_EXERCISE DESCRIPTION:_ For every line in the material, output its text exactly and exclude any image it holds.

(DATASET SECTION)

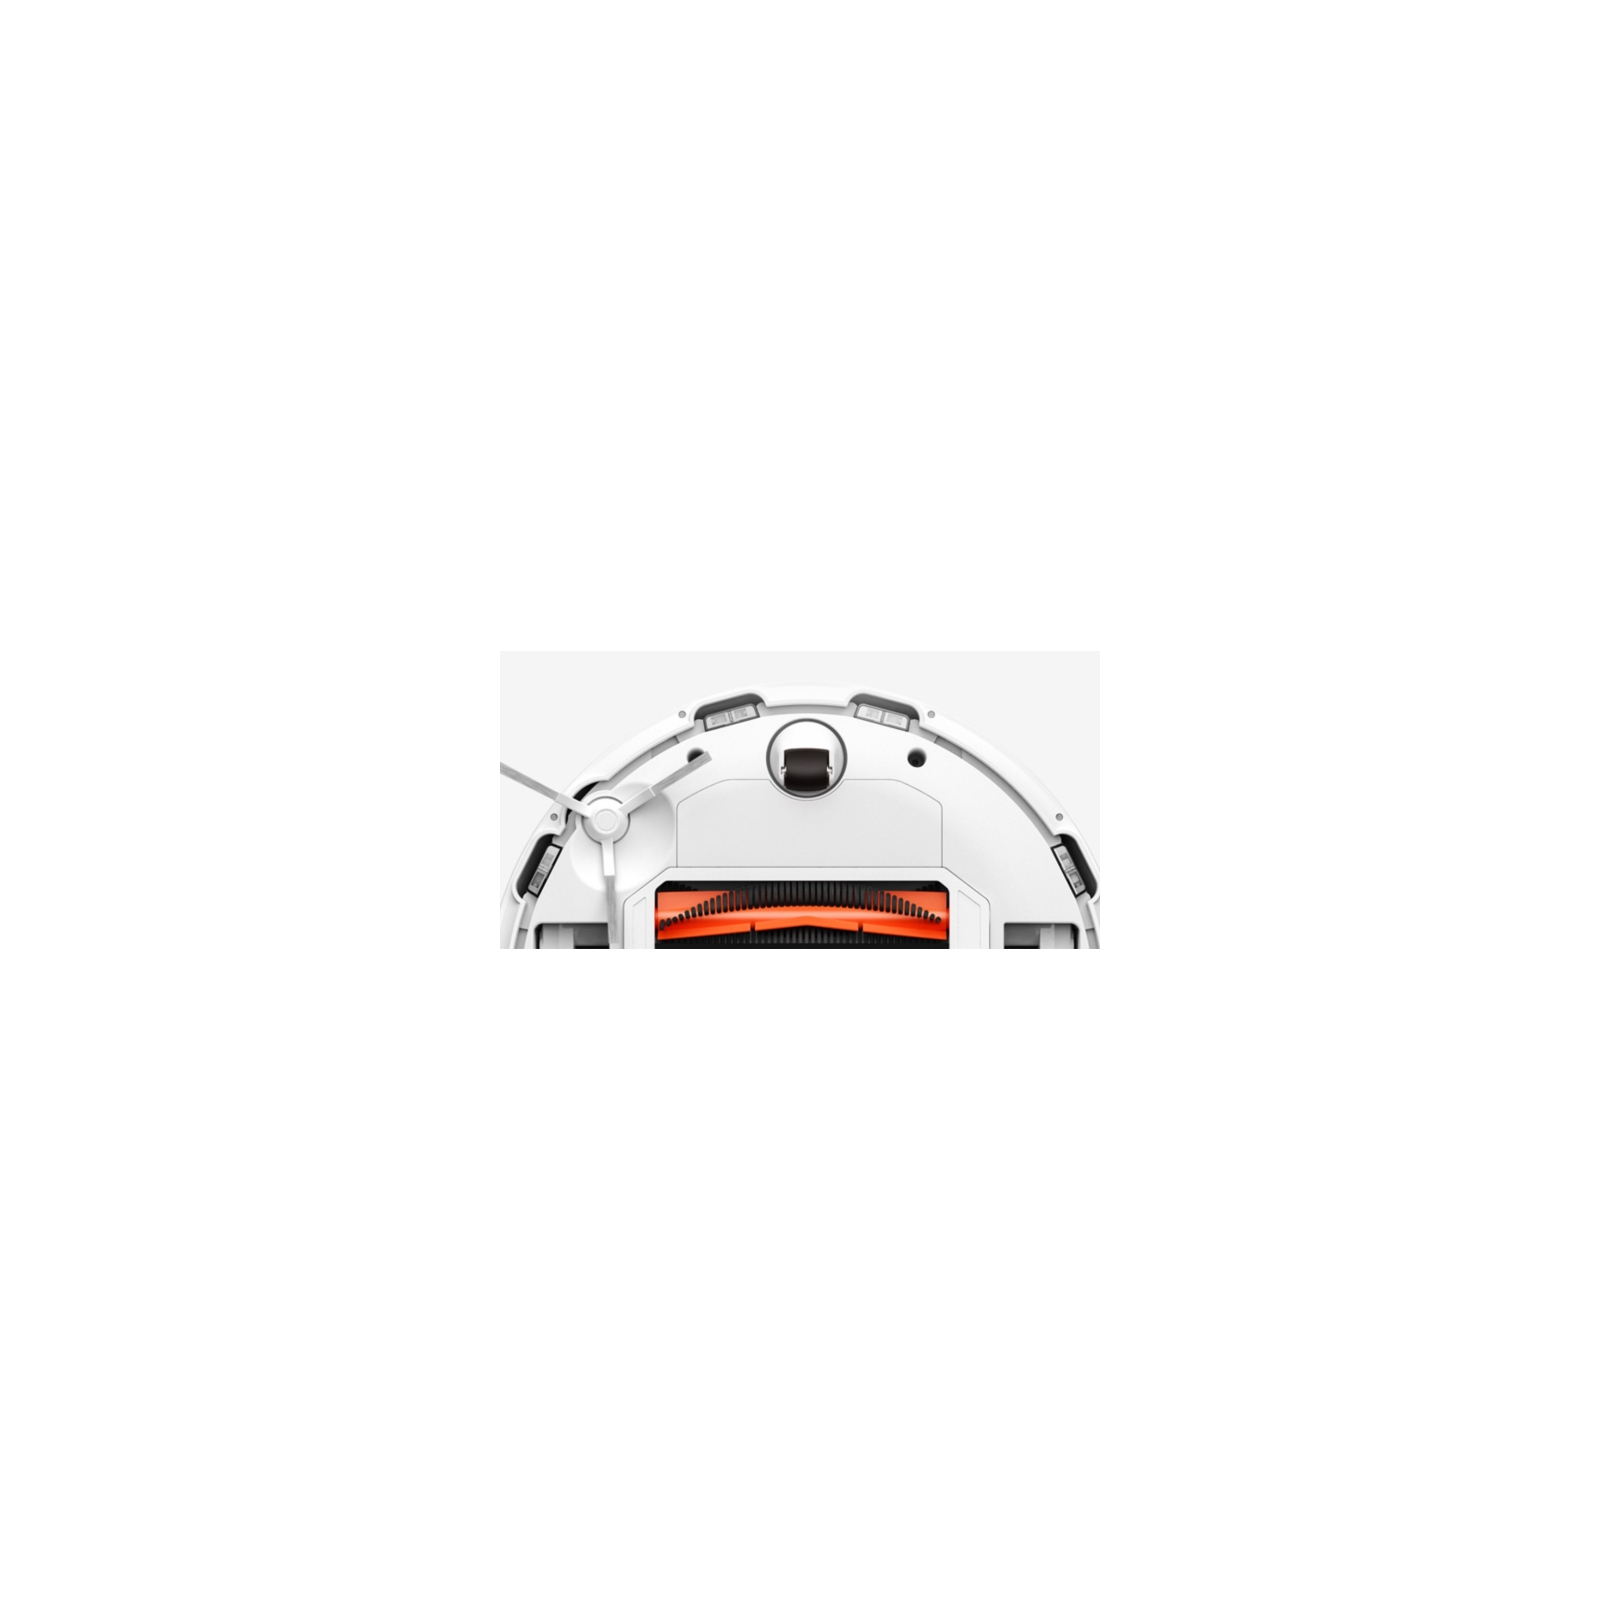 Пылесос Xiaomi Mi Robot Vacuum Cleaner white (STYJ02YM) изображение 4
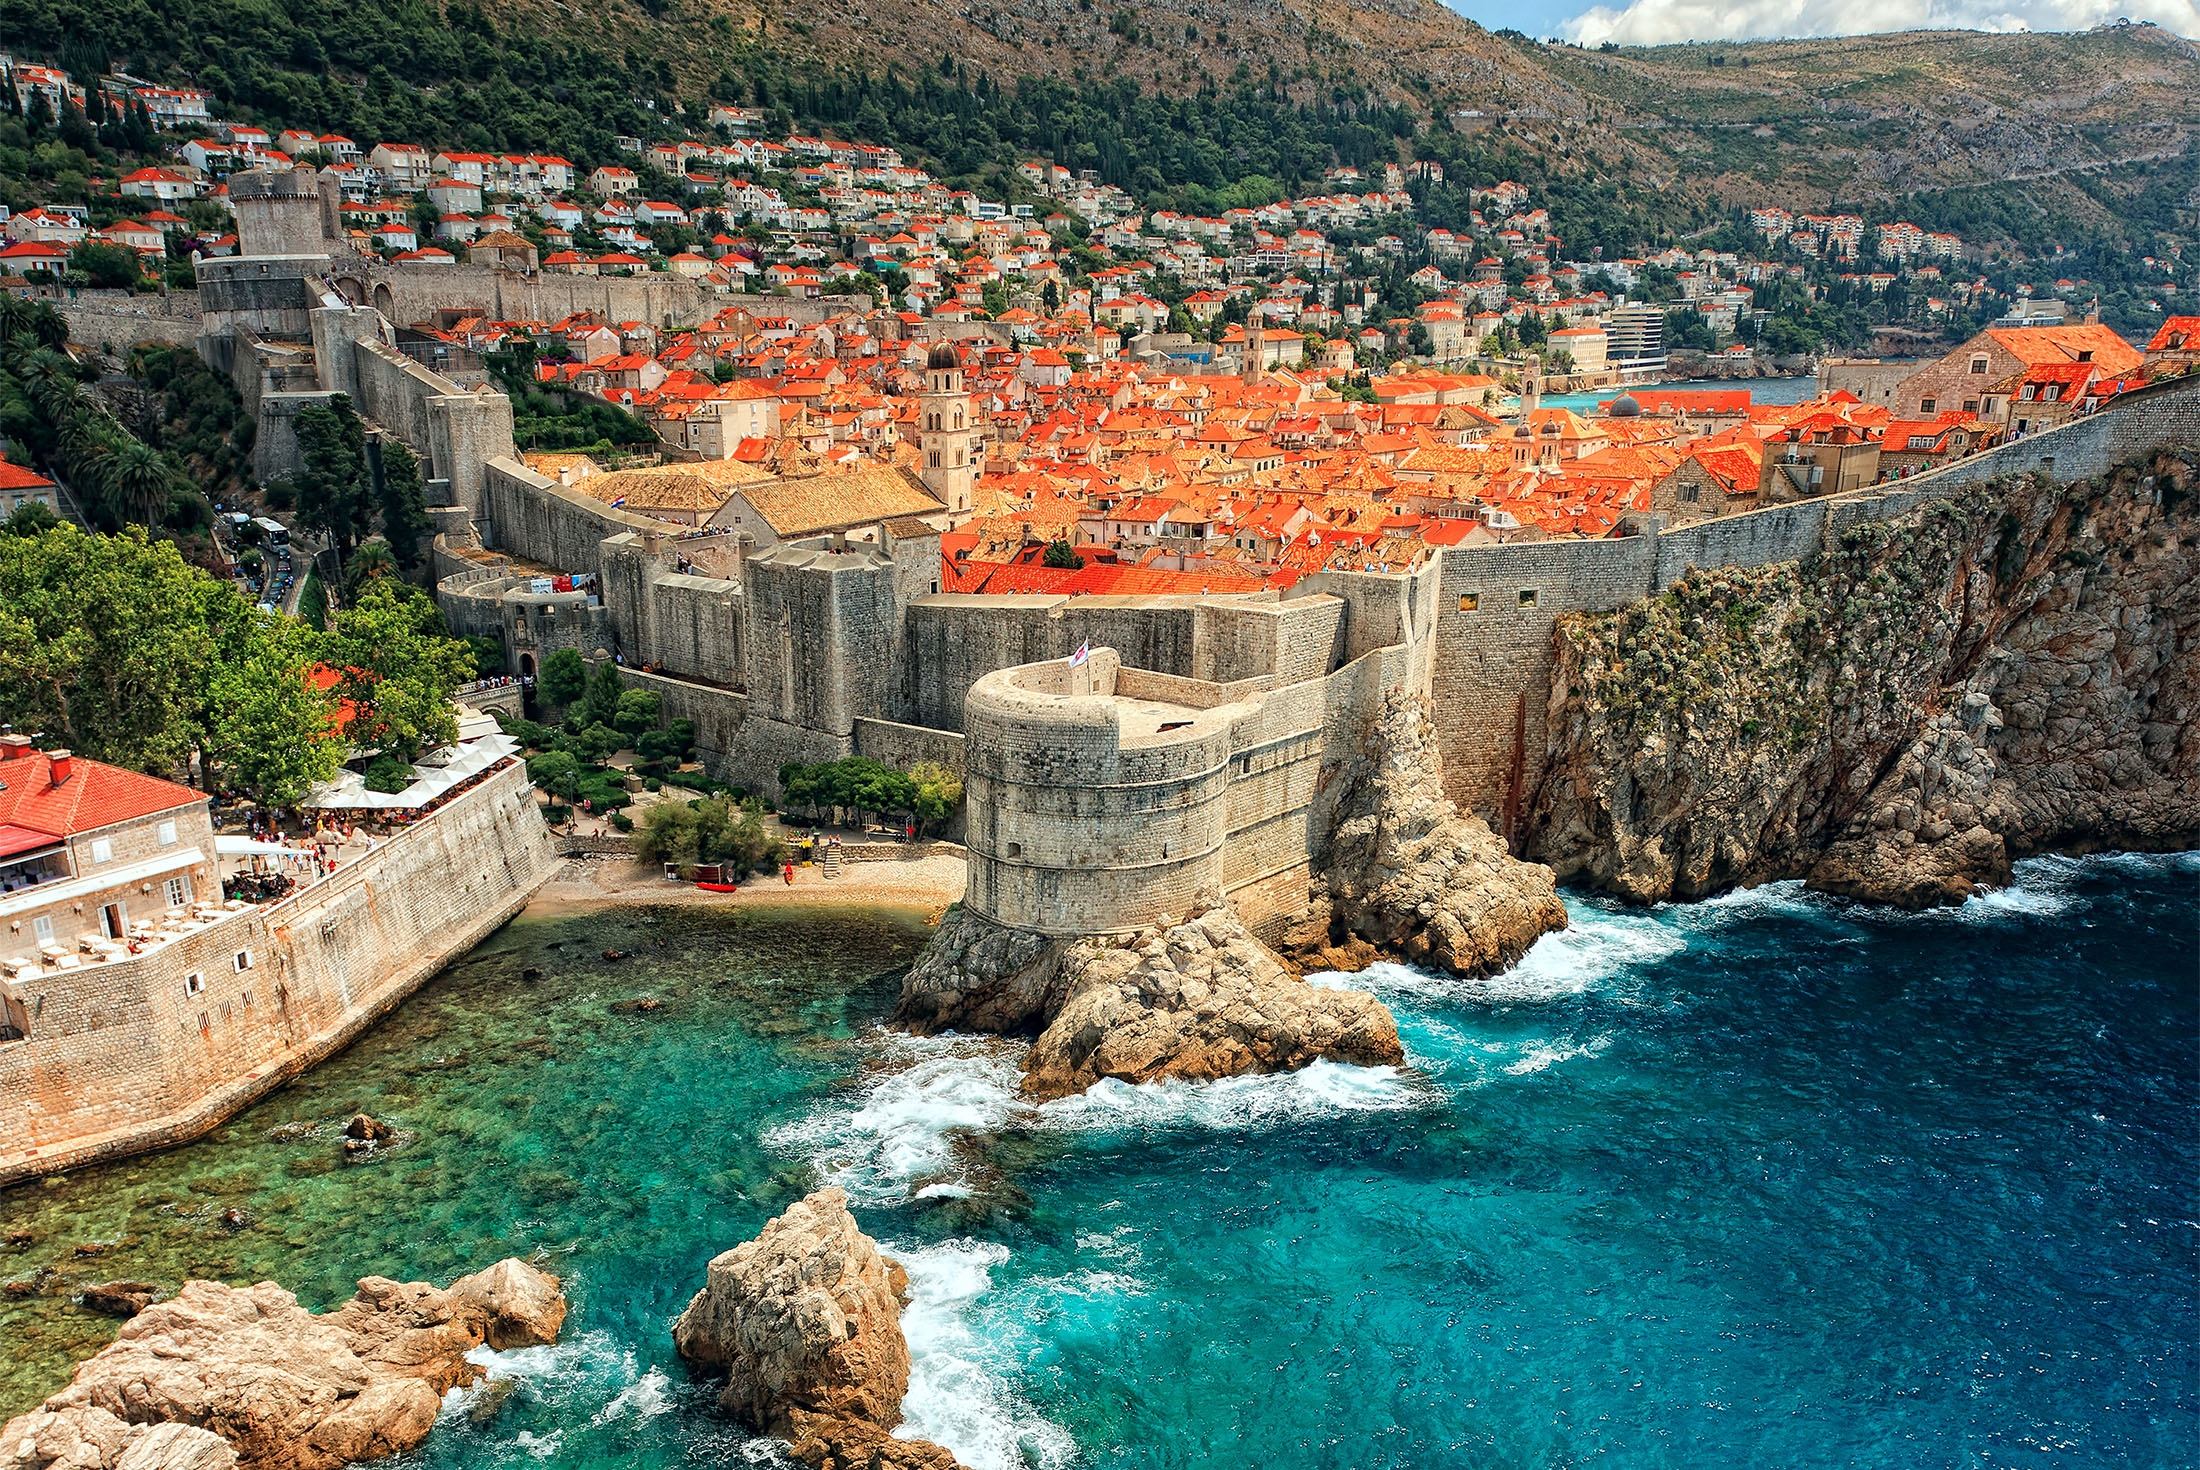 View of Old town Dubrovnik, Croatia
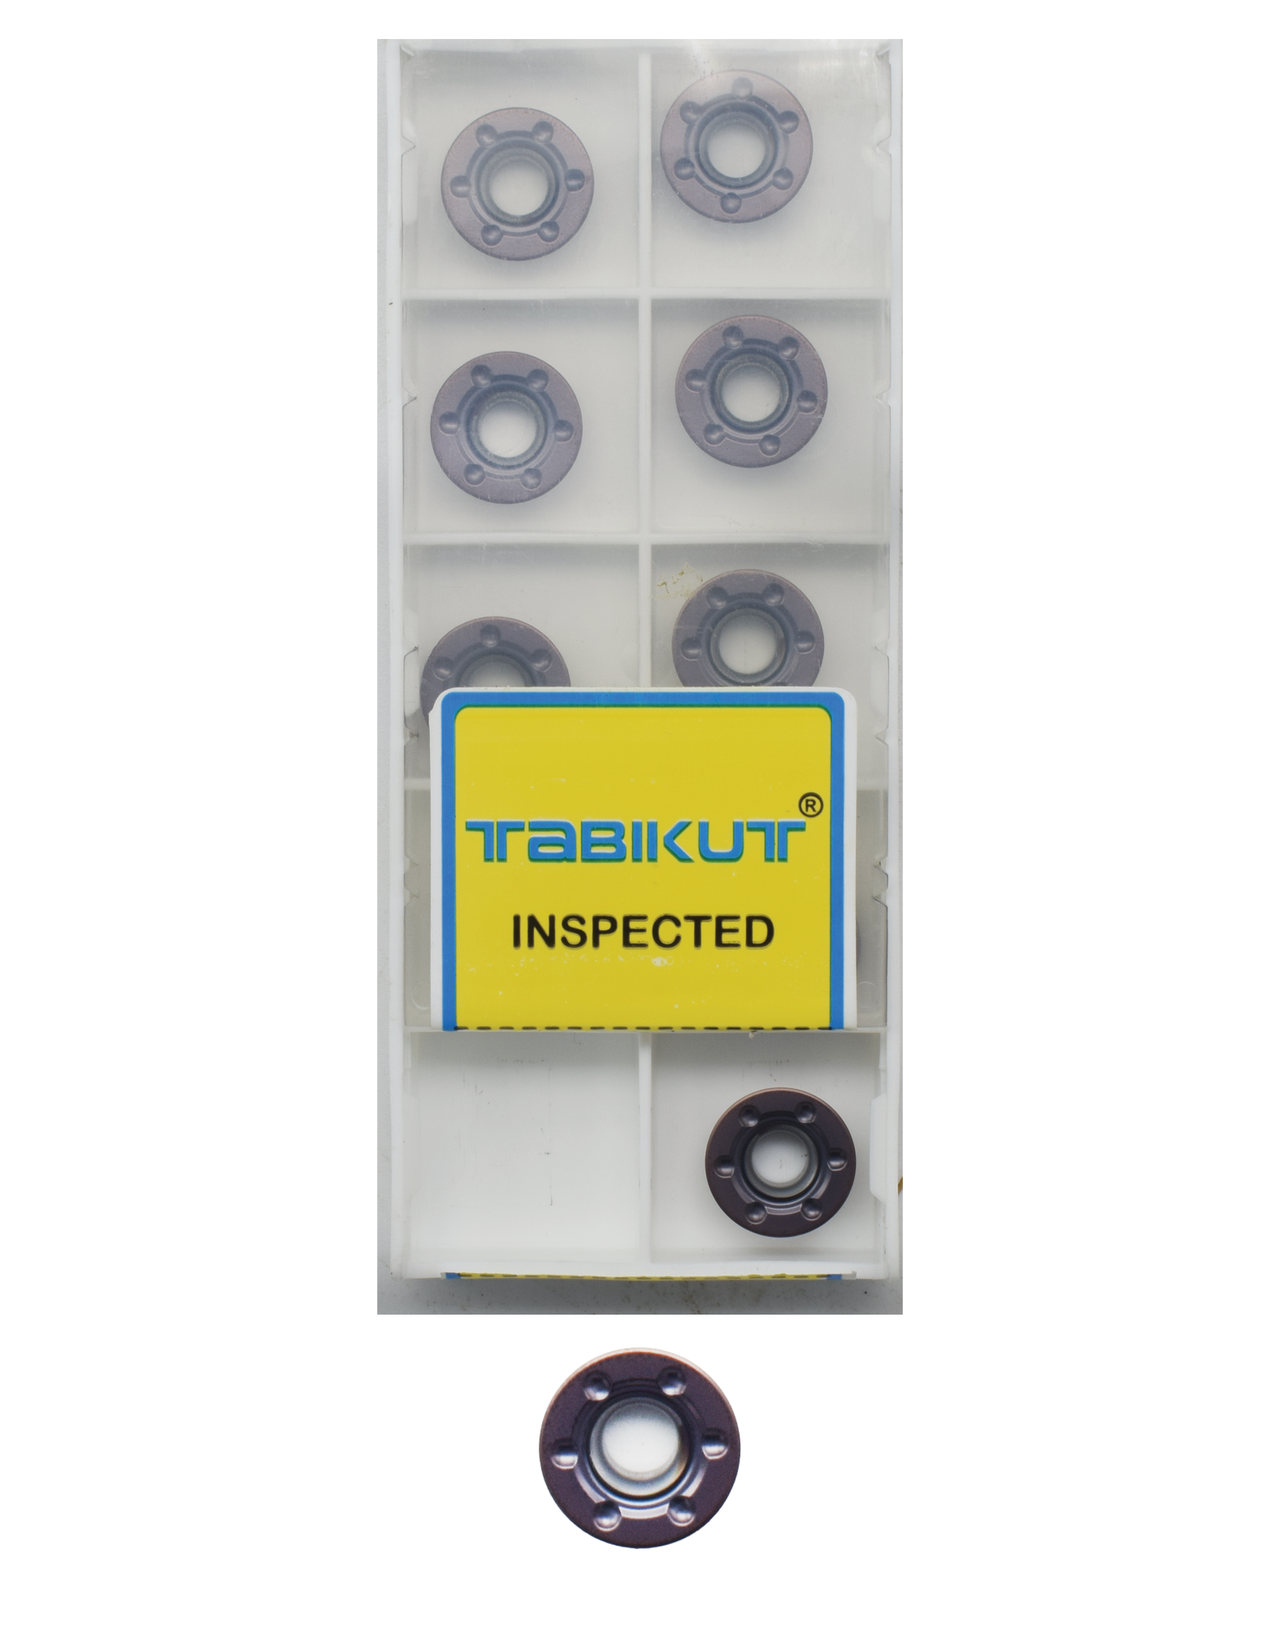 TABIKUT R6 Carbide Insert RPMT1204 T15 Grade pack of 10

(End DATASET SECTION)

_SOLUTION TO THIS EXERCISE:_
 Пылесос Xiaomi Mi Robot Vacuum Cleaner white (STYJ02YM) изображение 4
 View of Old town Dubrovnik, Croatia
 TABIKUT R6 Carbide Insert RPMT1204 T15 Grade pack of 10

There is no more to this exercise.